27-го мая была свадьба Мишухи Шмелева, он же Максим. Андрей был шафером в память общего босоногого детства. Анны не было на свадьбе. На свадебном пиру Андрей не остался. По дороге со свадьбы он заходил к Анне, ее не было дома. Одна из дверей в один из подвалов соляного амбара обвалилась окончательно, засыпала щебнем вход: из другого подвального помещения замаскированный ход вел в то подполье, дверь в которое обвалилась; ни единая щель не пропускала в подземелье и не выпускала оттуда – ни света, ни звуков. Там была типография. С десяти вечера, когда стемнело, до полночи Андрей пробыл в подполье. Майская ночь полегла на землю всем своим весенним благословением. Сна не было, Андрей пошел к Анне, отдохнуть и поразговаривать. Анны не было дома, Мишуха Усачев сказал, что она обещала быть никак не позже двенадцати.
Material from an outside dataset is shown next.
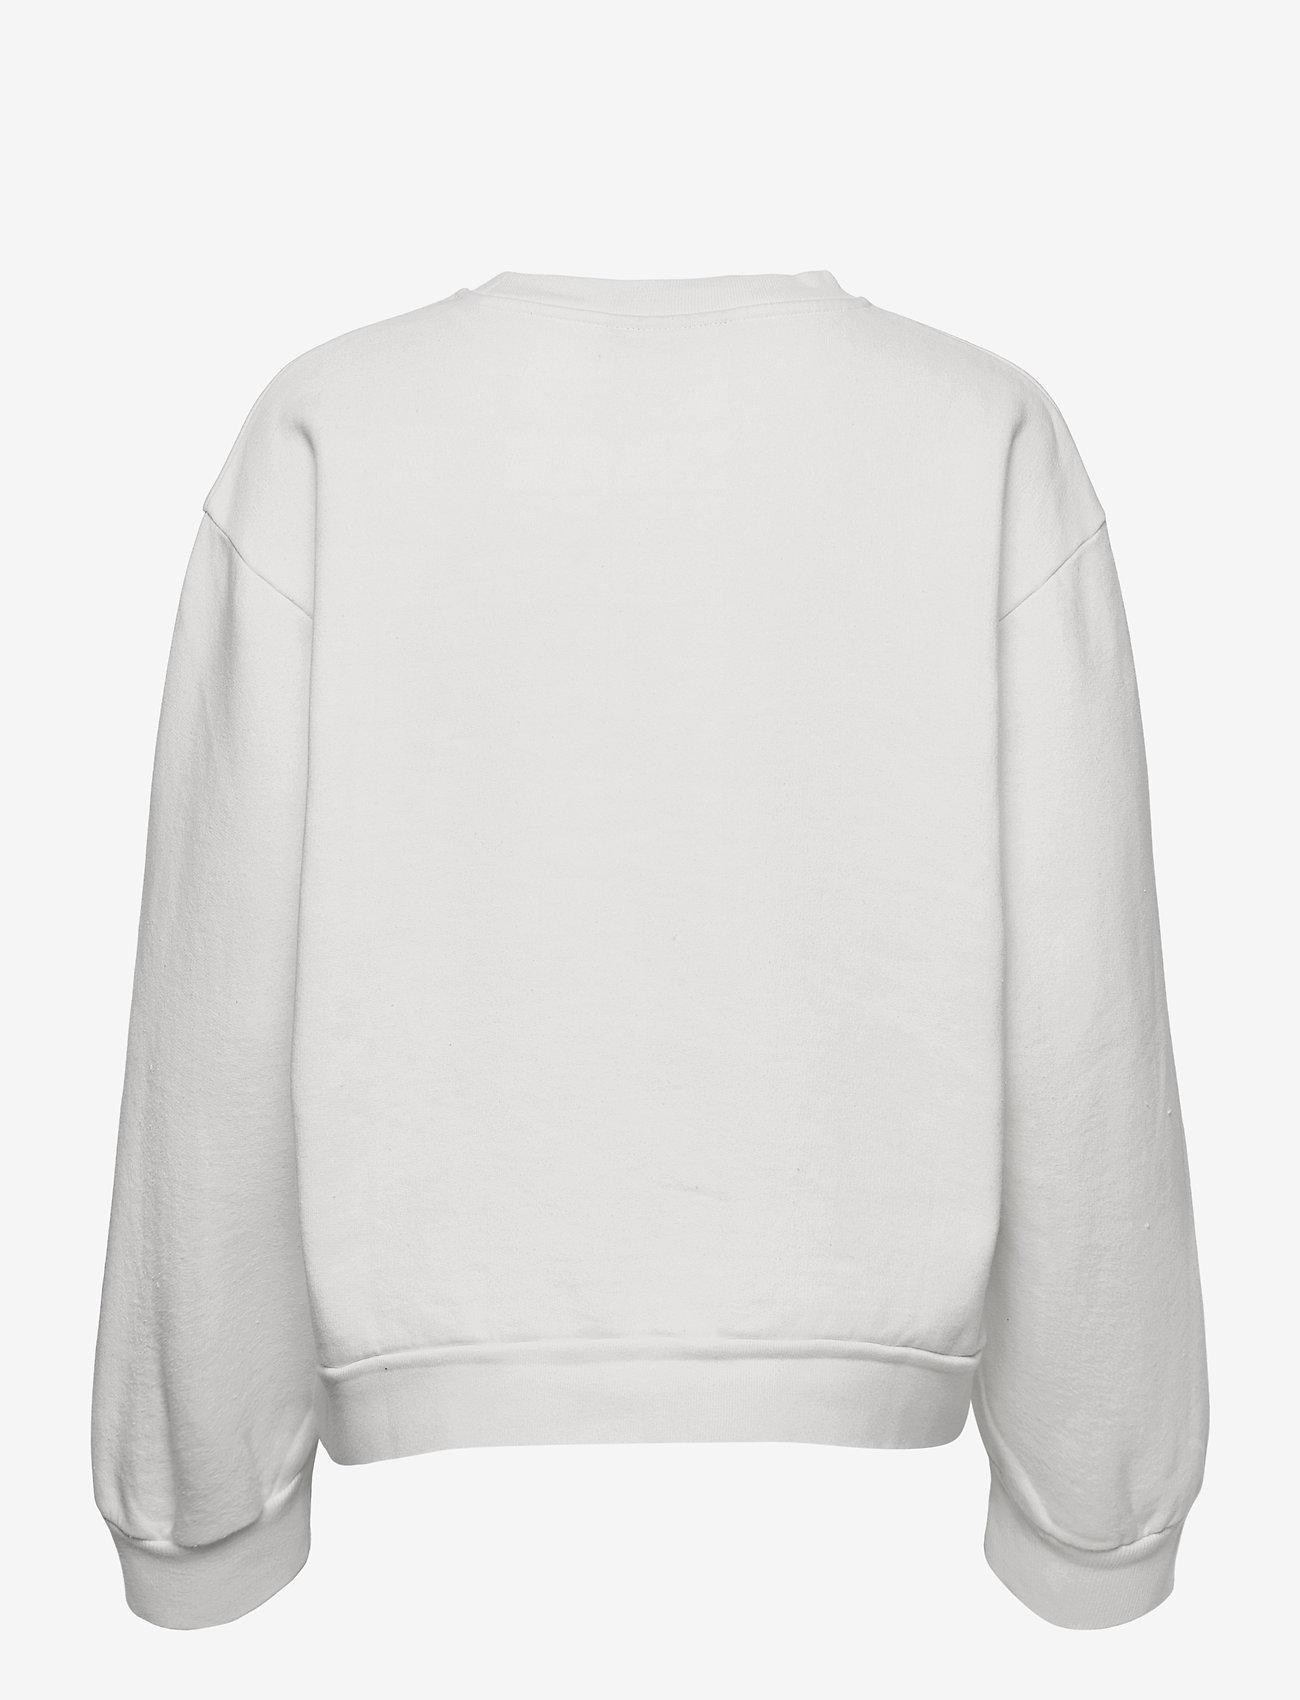 HAN Kjøbenhavn - Bulky Crew - sweatshirts - off white - 1

Никита Сергеевич затворился уже у себя в кабинете, в мезонине, – Андрей пошел в сад и сидел в саду, с Мишухою Усачевым. Цвела сирень, и сад пахнул сиренью. Анна вернулась к часу ночи, она пришла домой через сад, в белом платье, как яблоневый цвет. Она была очень бодра, никак не уставшая, все эти дни после экзаменов, – казалось, она жалела каждый час жизни и ничего не хотела откладывать ни на час. Андрей и Анна прошли в комнату Анны. На столе и на окнах стояли громадные букеты сирени, в стеклянных банках и в ведрах. Анна села к столу, положив руки на стол. Они и, должно быть, ее мысли были бодры, как запах сирени. Анна весело тряхнула косами.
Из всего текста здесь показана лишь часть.